Activity: Nothing but the pictures is dropped; write out all the remaining data below exactly.
*** The data ***
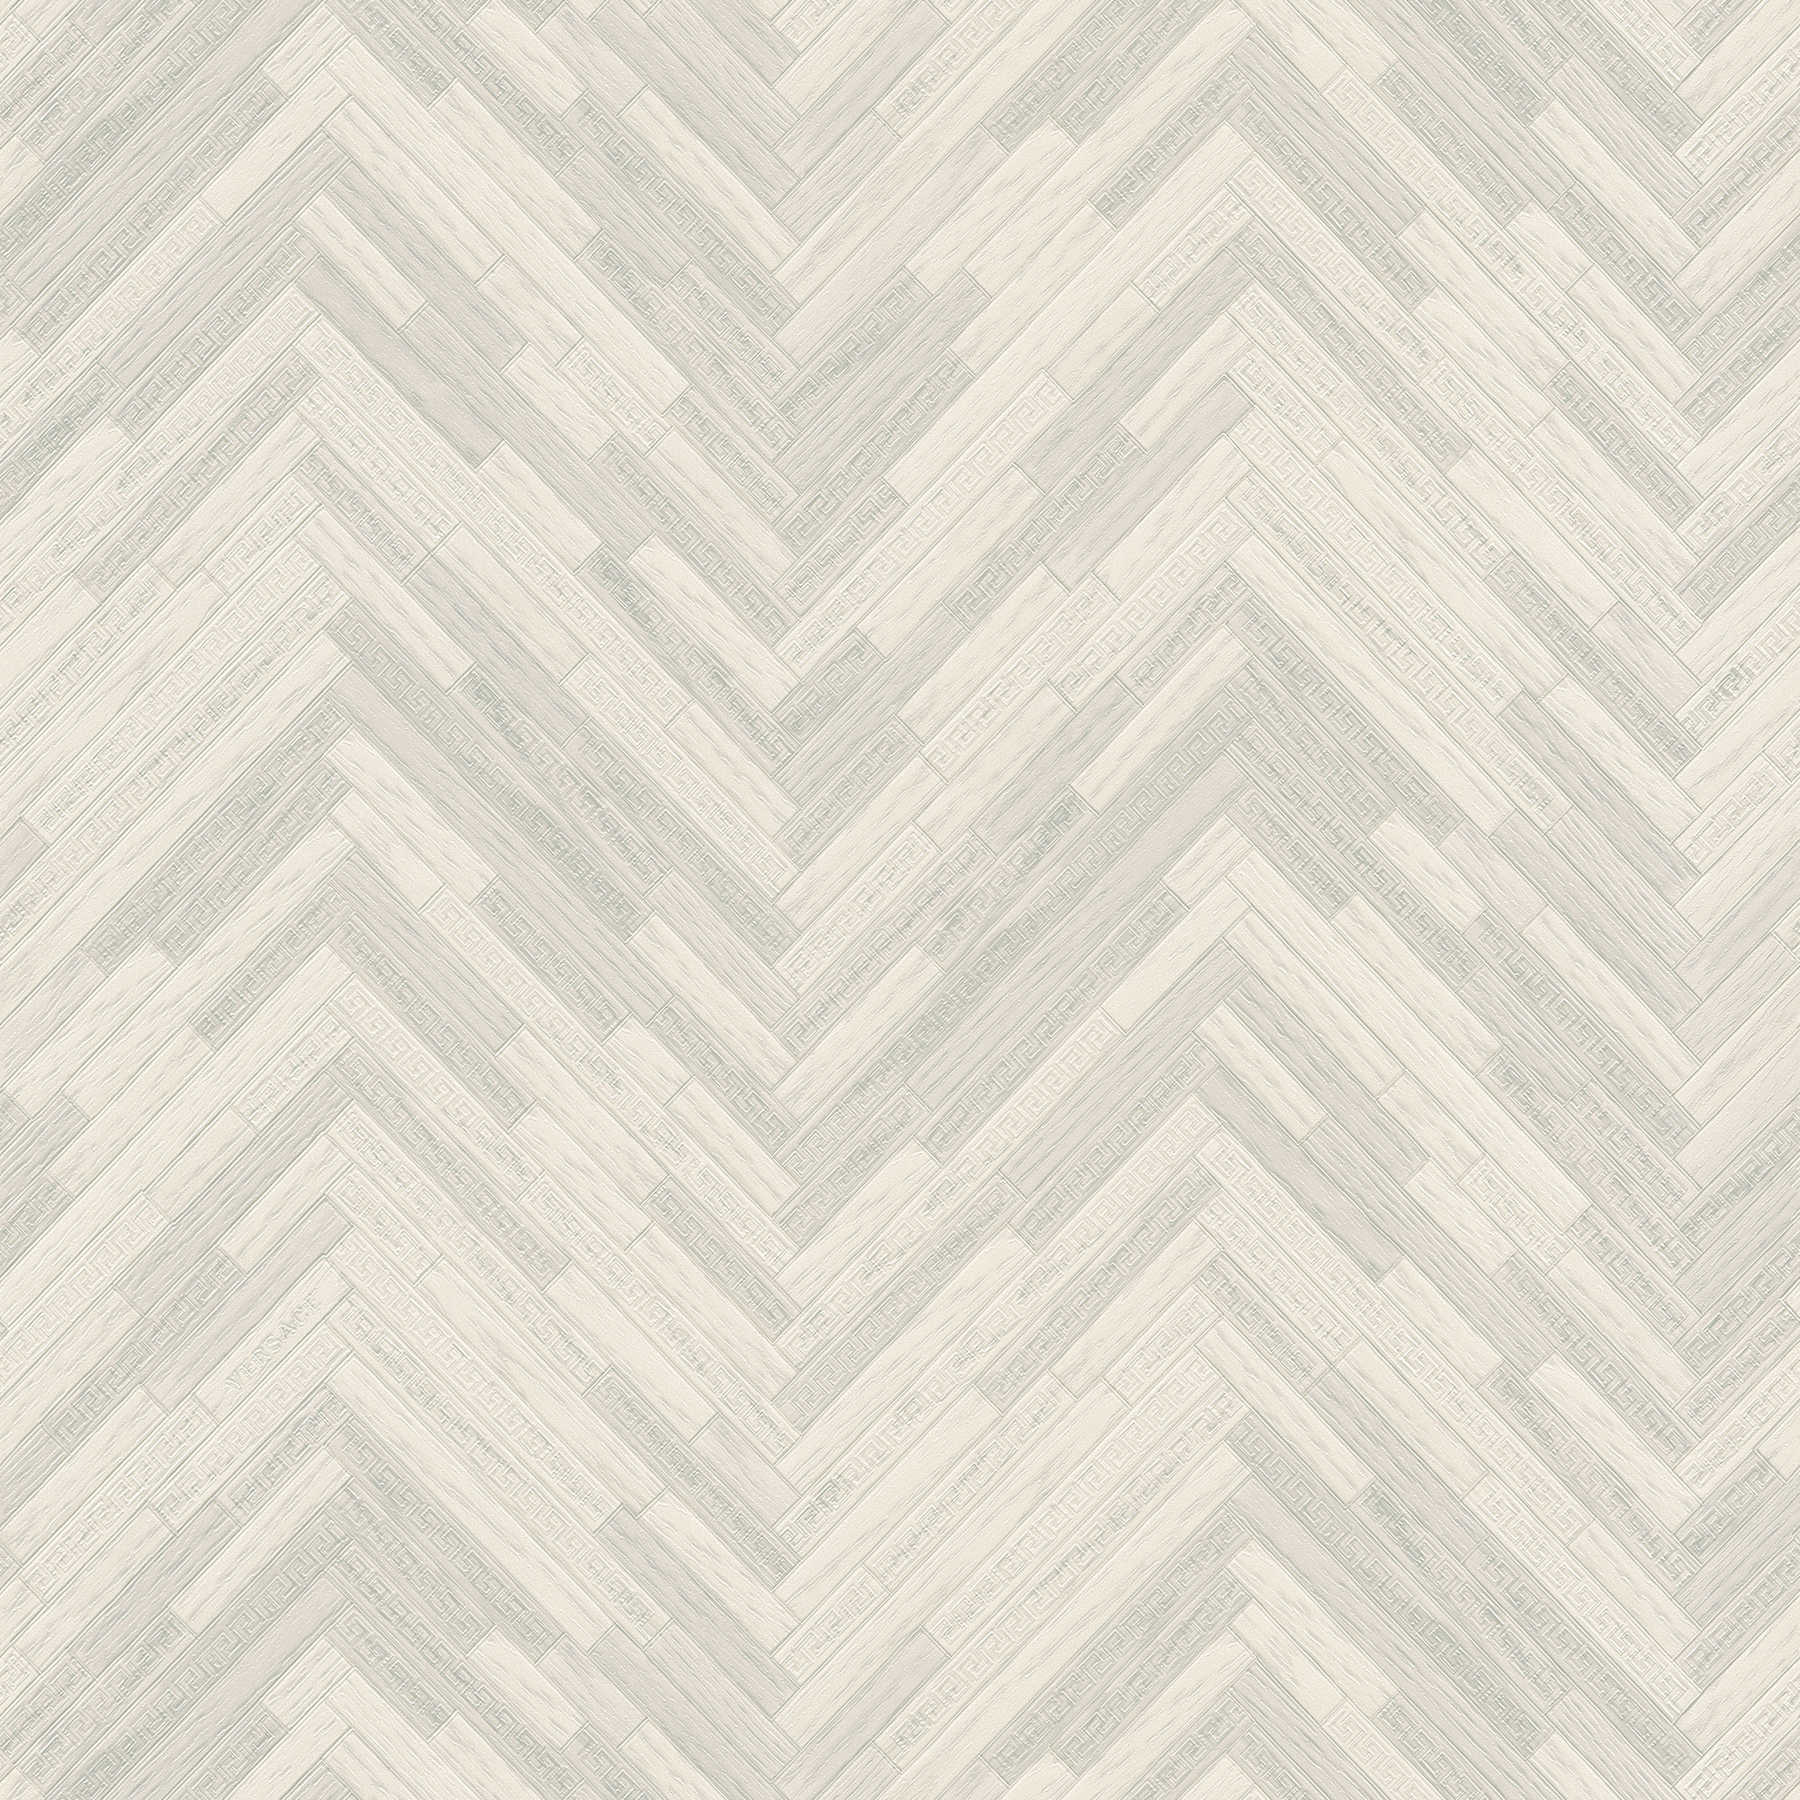 VERSACE Home Tapete elegante Holzoptik – Grau, Weiß
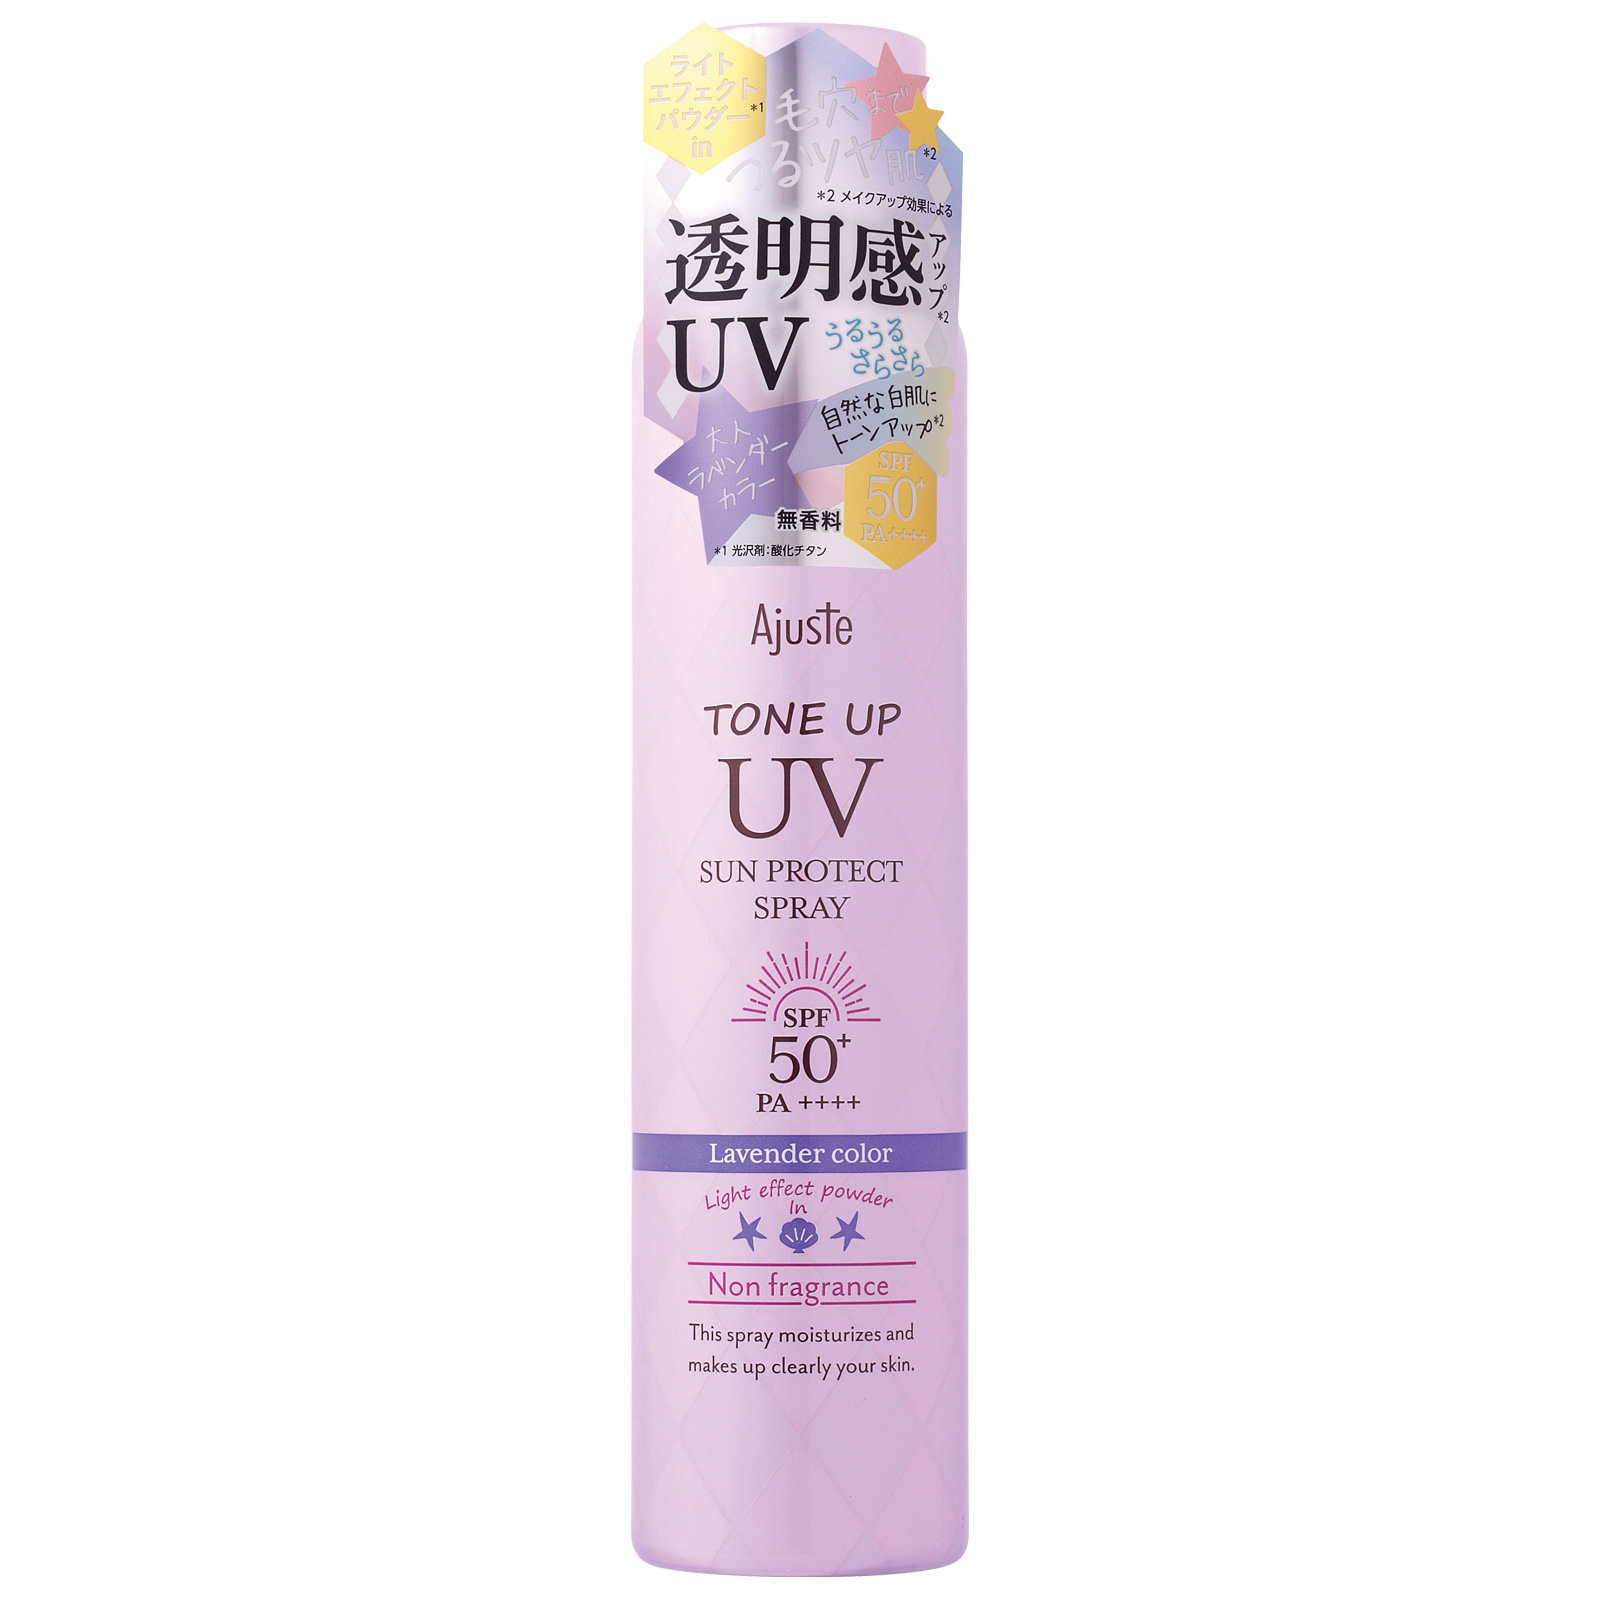 Ajuste Tone Up UV Sun Protect Spray Lavender Color SPF 50+ PA++++. Солнцезащитный спрей Адьюсте Тон Ап, 100 г (160 мл)
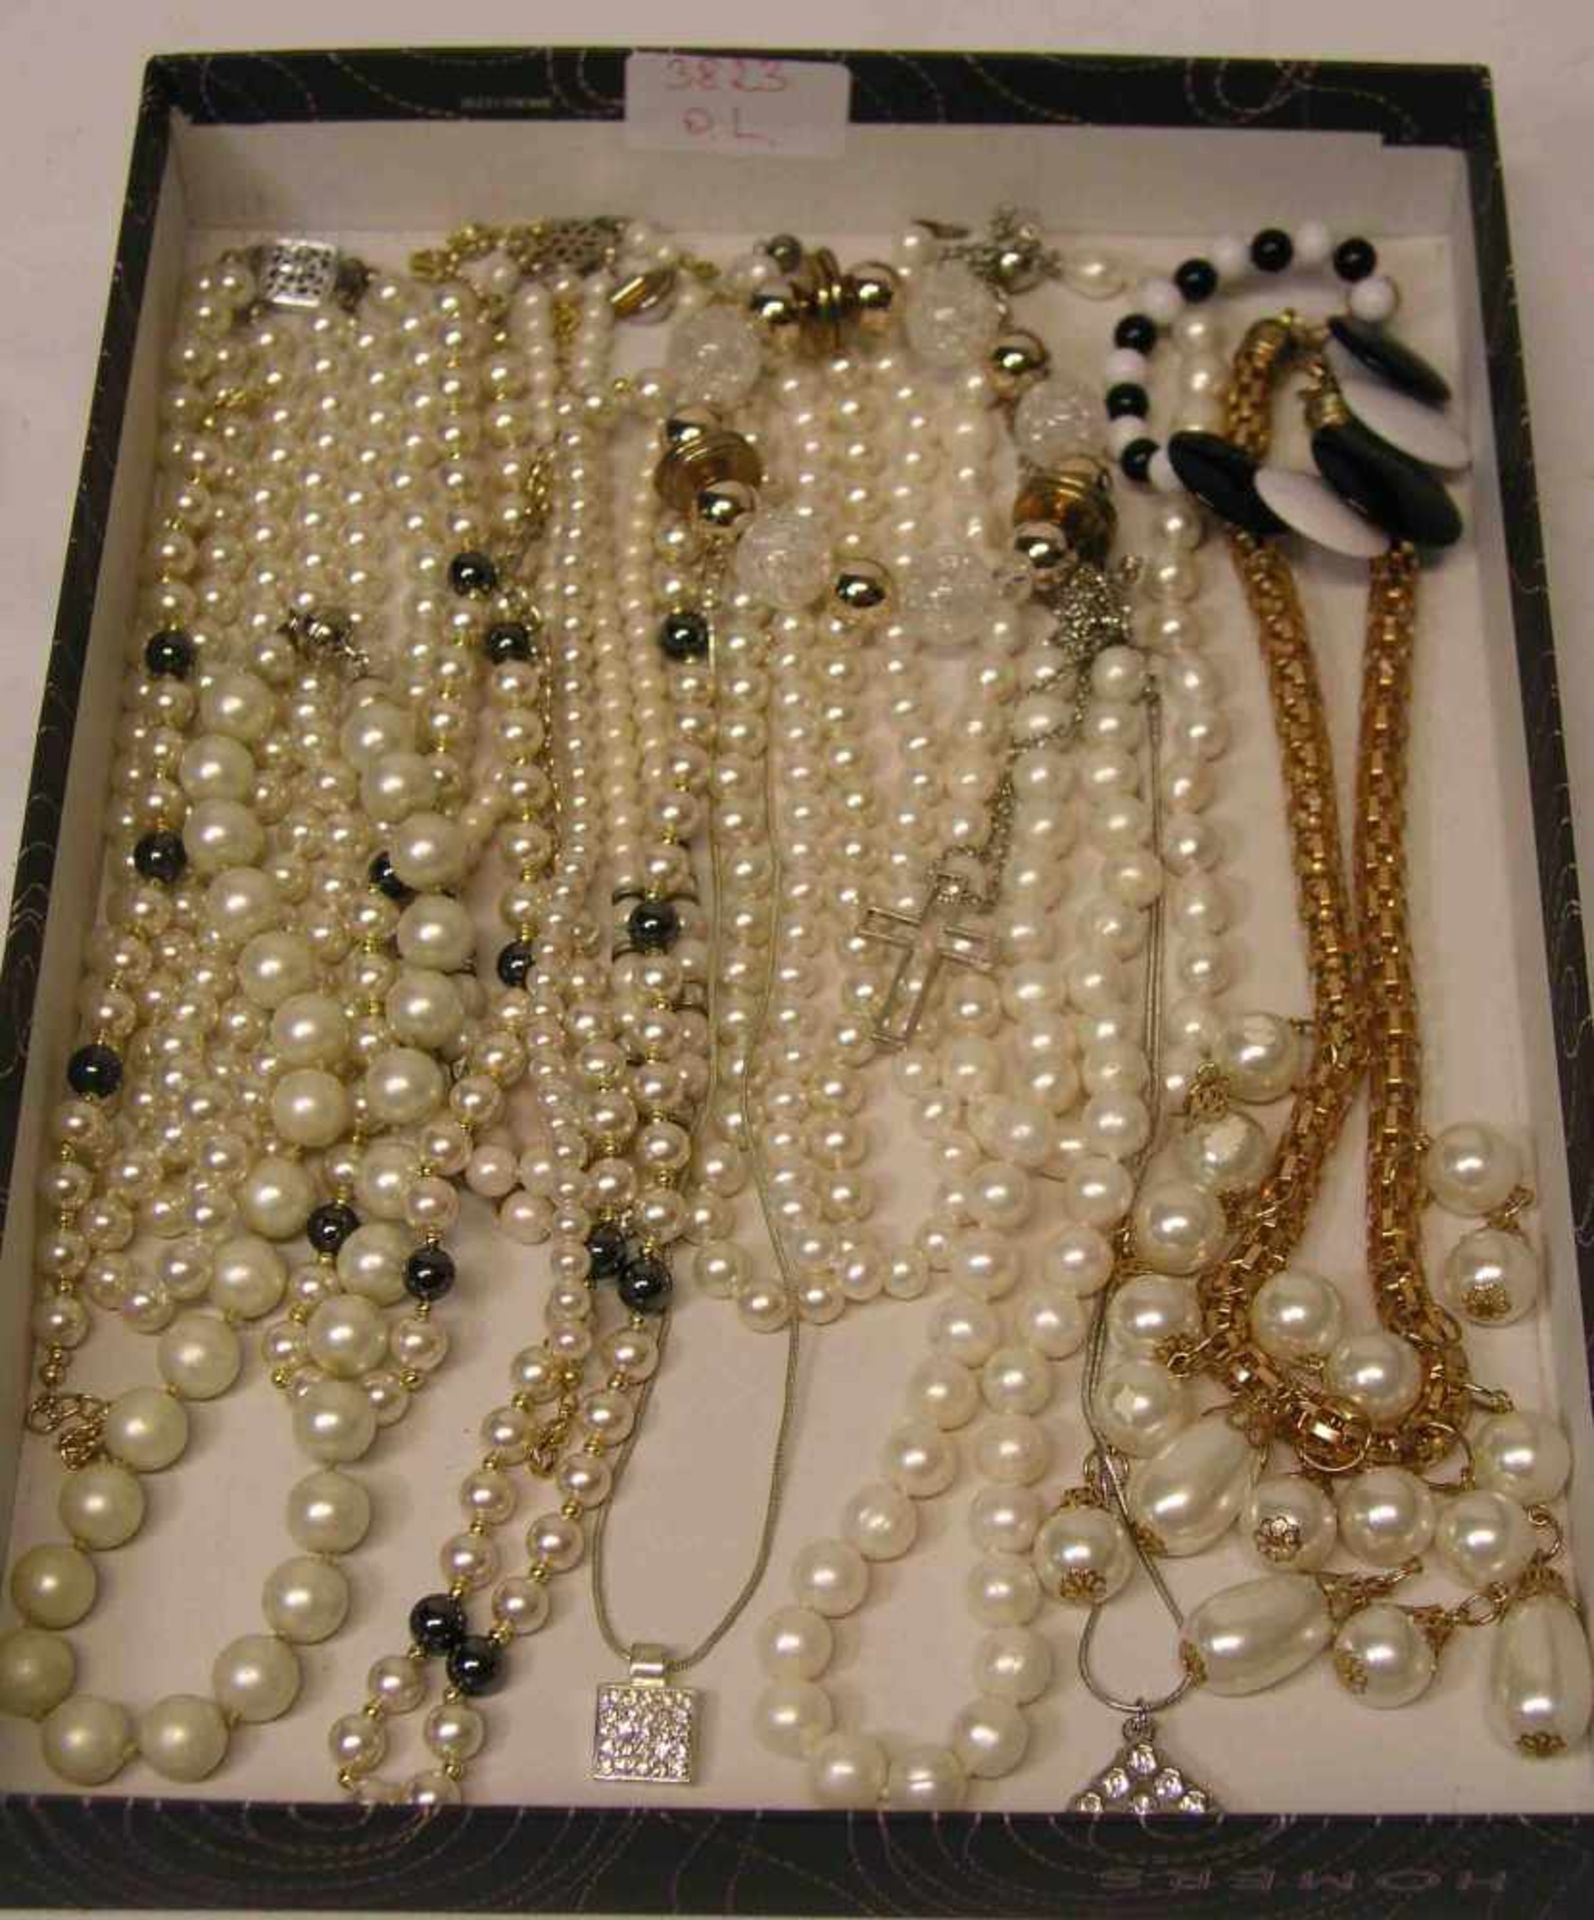 Posten Modeschmuck. Vorwiegend Perlenketten.
*** End of The data ***
Reply to the exercise:
 VERSACE Home Tapete elegante Holzoptik – Grau, Weiß
 Ajuste Tone Up UV Sun Protect Spray Lavender Color SPF 50+ PA++++. Солнцезащитный спрей Адьюсте Тон Ап, 100 г (160 мл)
 Posten Modeschmuck. Vorwiegend Perlenketten.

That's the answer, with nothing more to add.